Problem details: Transcribe the listing exactly, leaving out every picture.
Data section below:
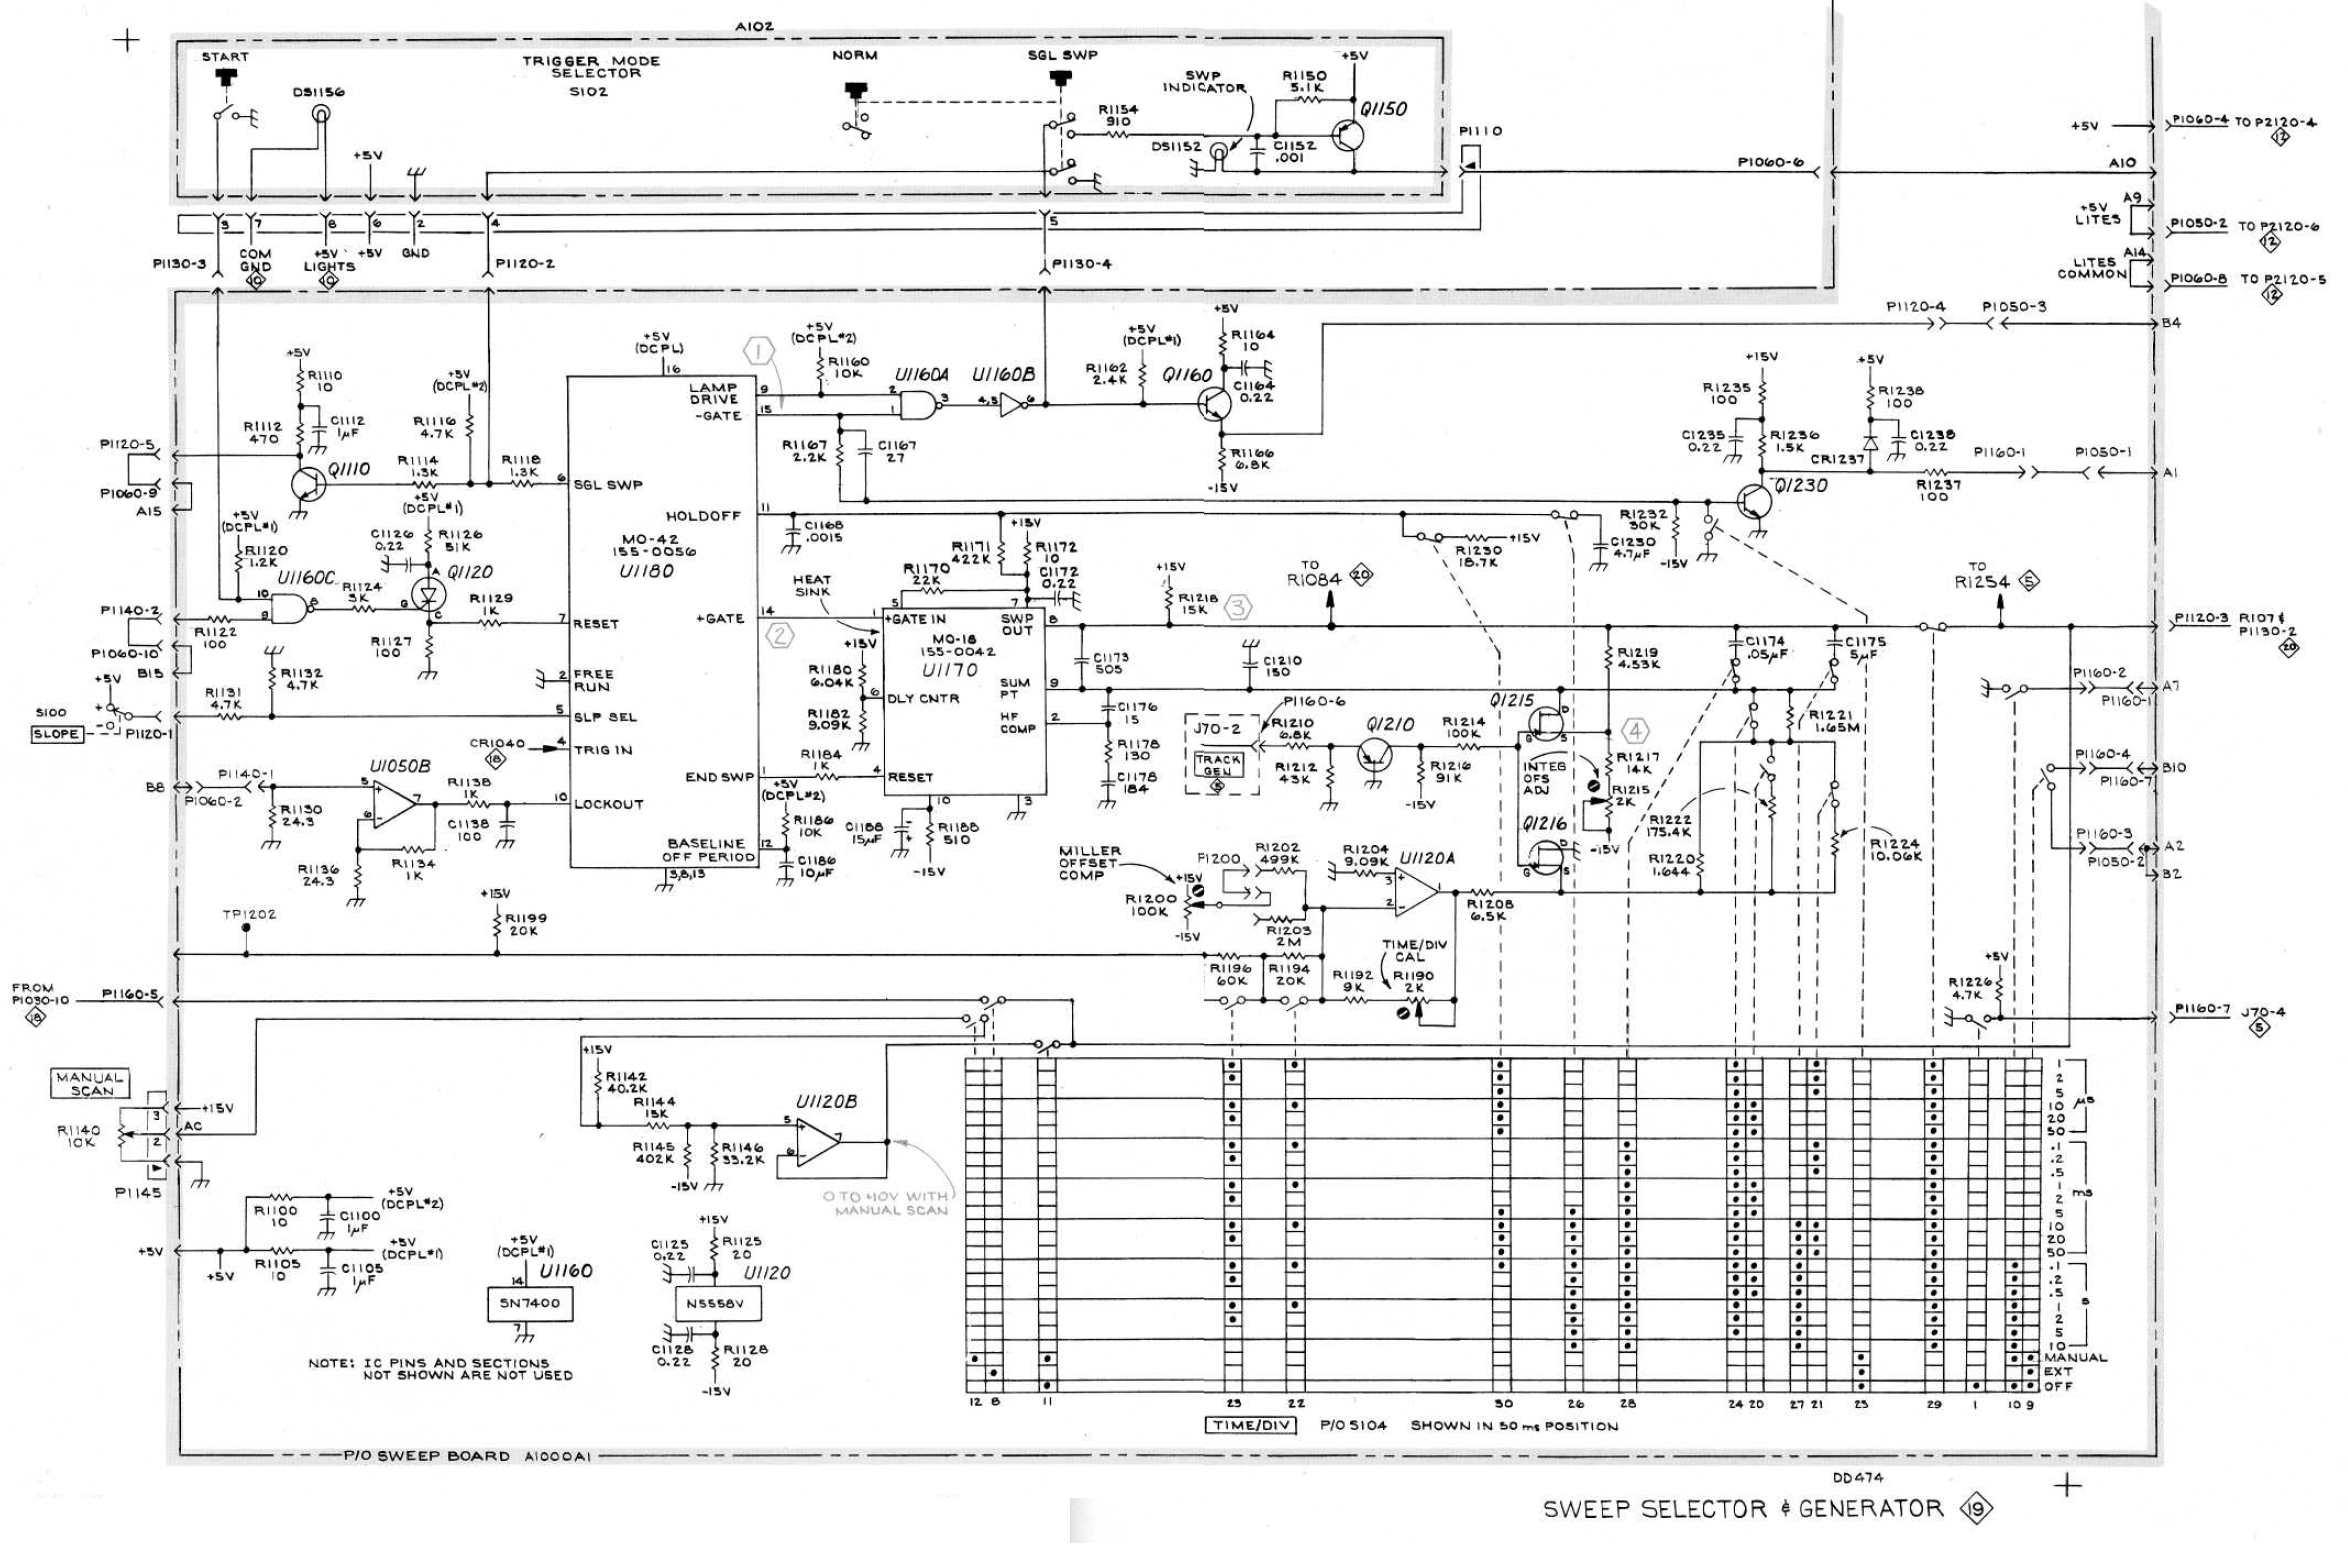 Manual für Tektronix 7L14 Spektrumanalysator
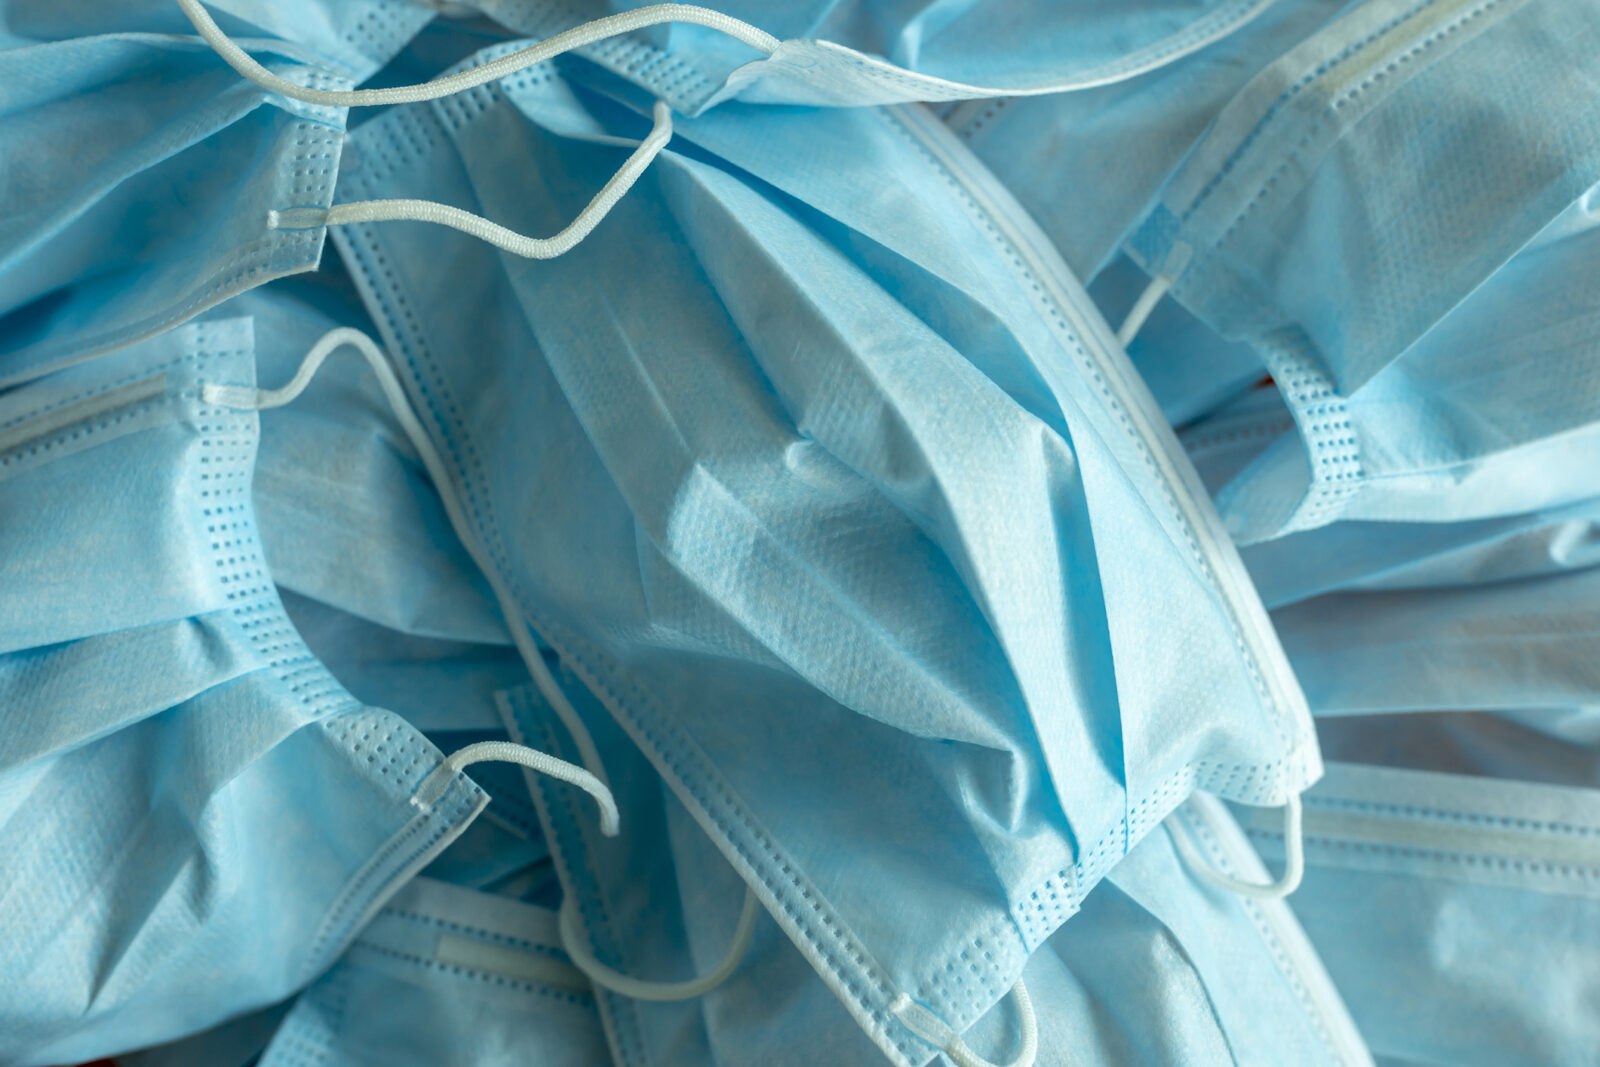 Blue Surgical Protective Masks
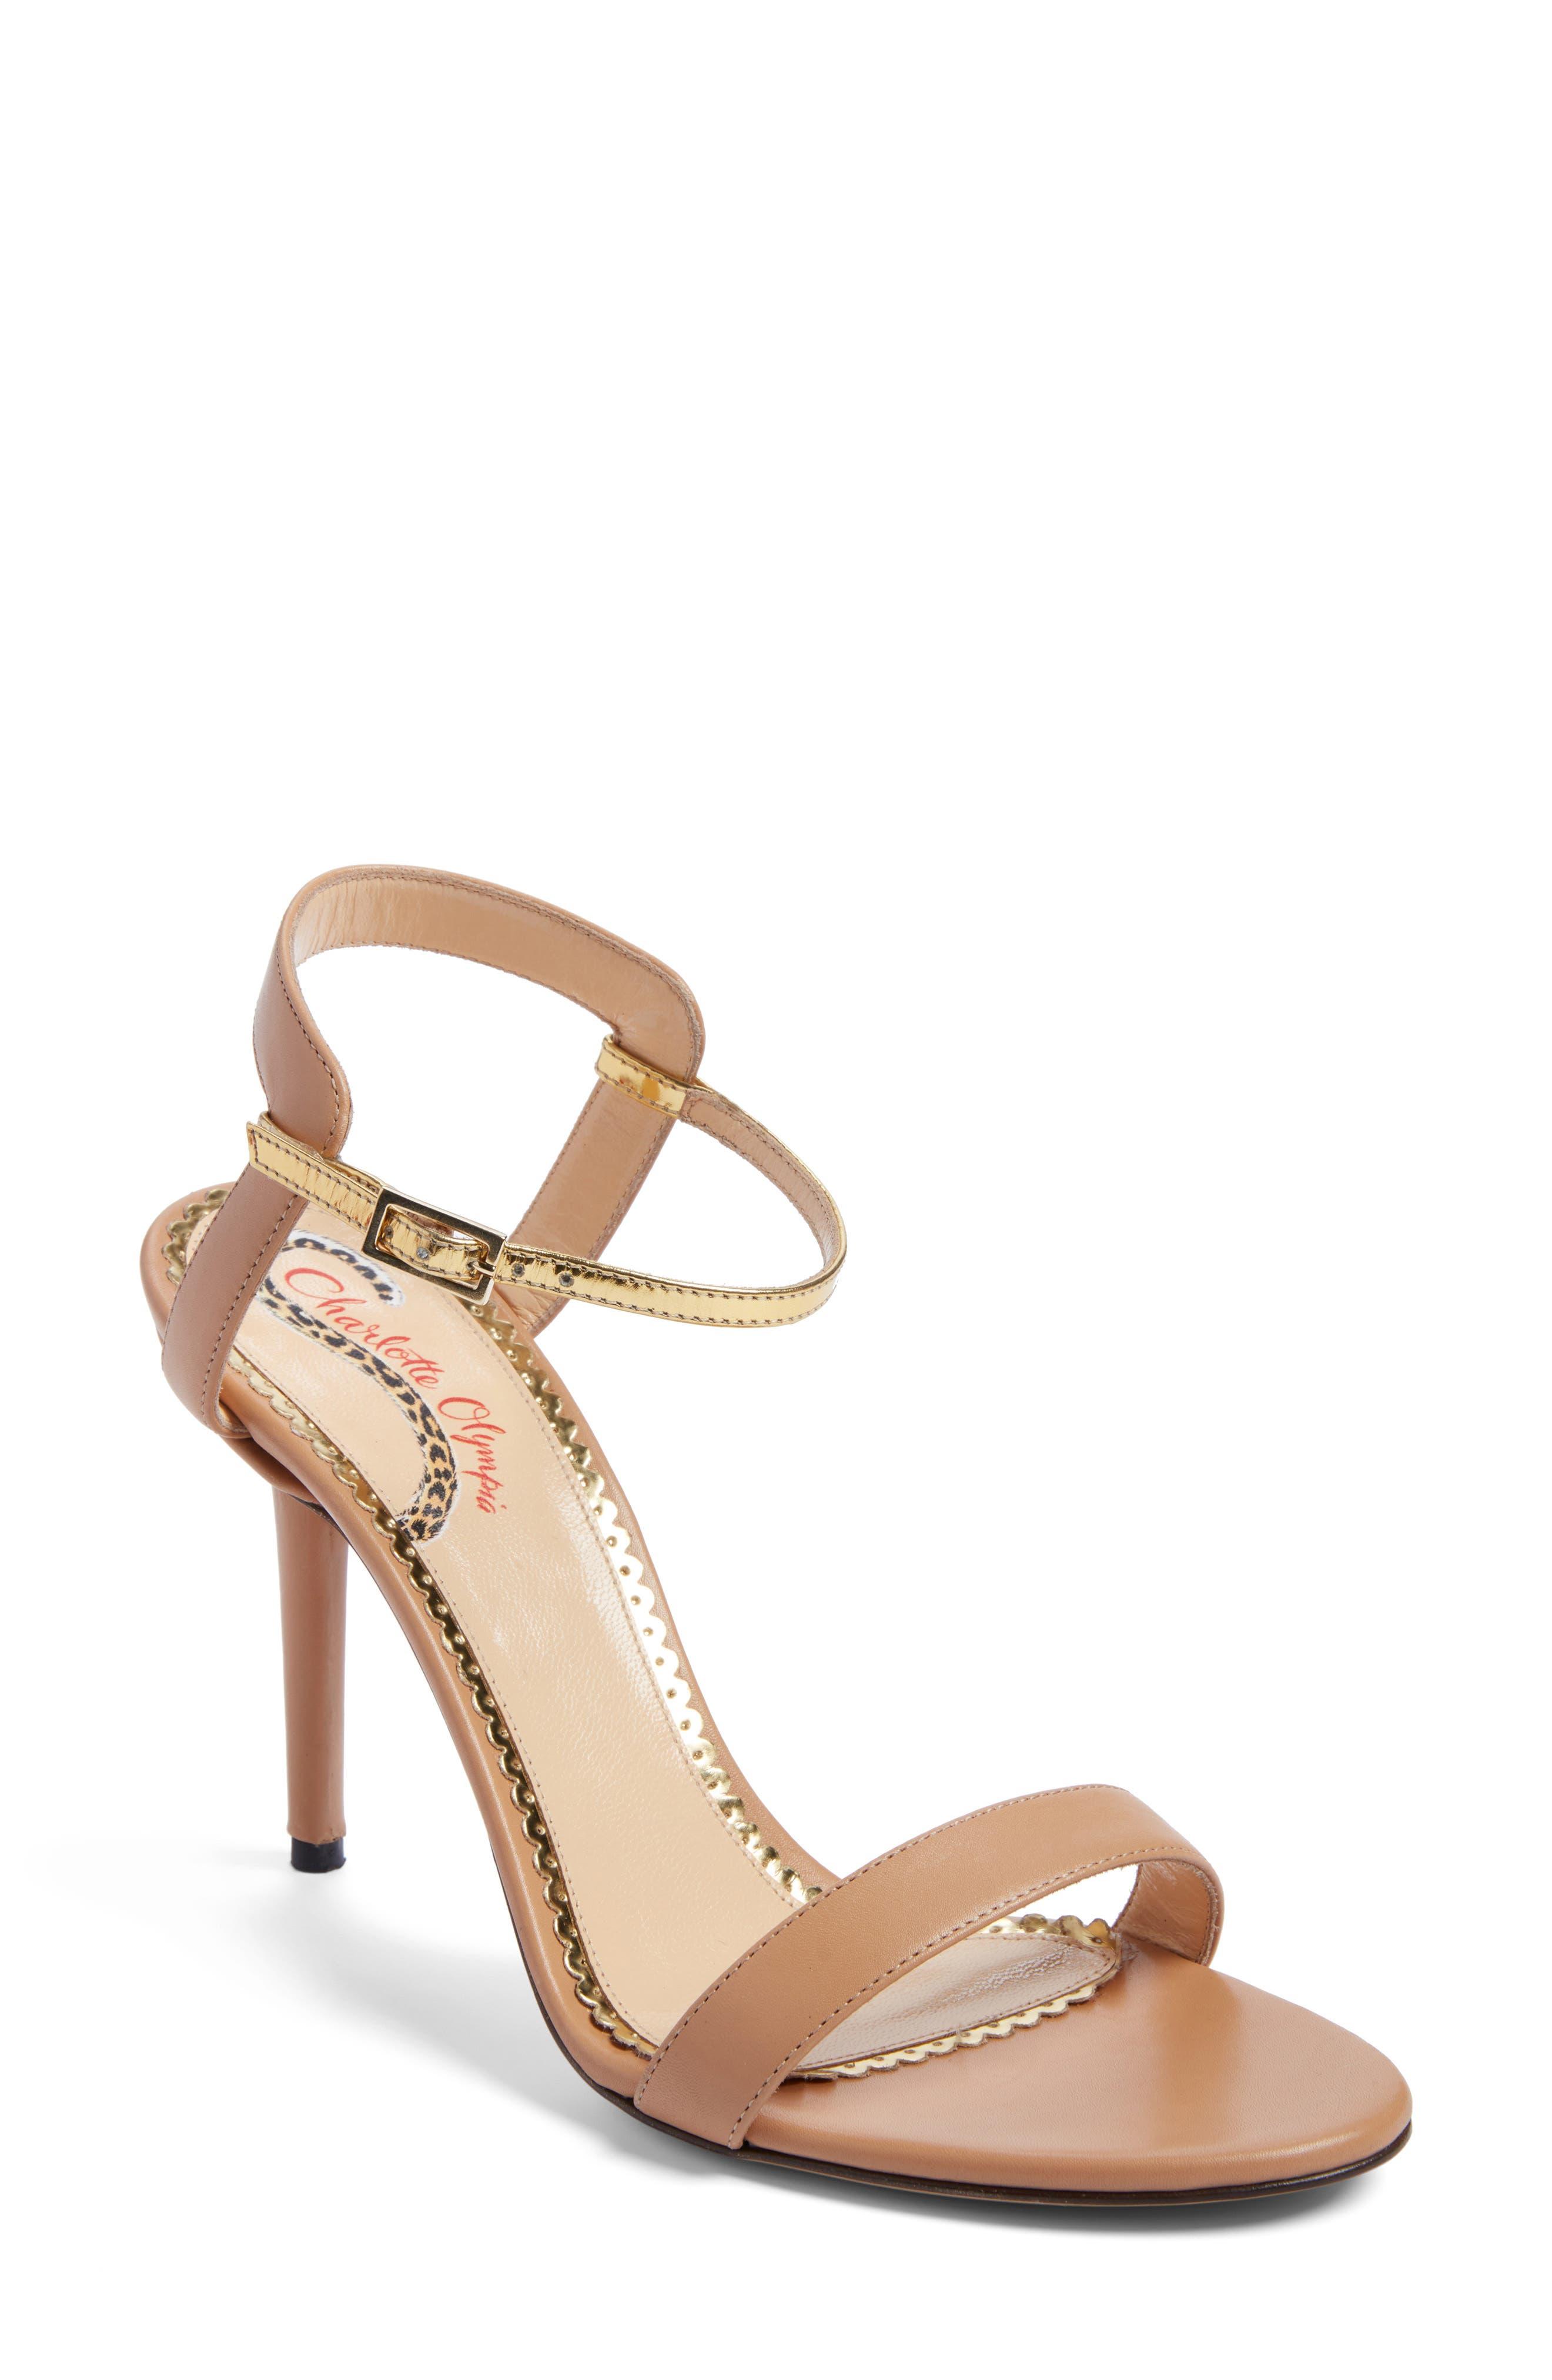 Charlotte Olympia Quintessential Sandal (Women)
End of Data section.
Output for this exercise:
 Manual für Tektronix 7L14 Spektrumanalysator
 Blue Surgical Protective Masks
 Charlotte Olympia Quintessential Sandal (Women)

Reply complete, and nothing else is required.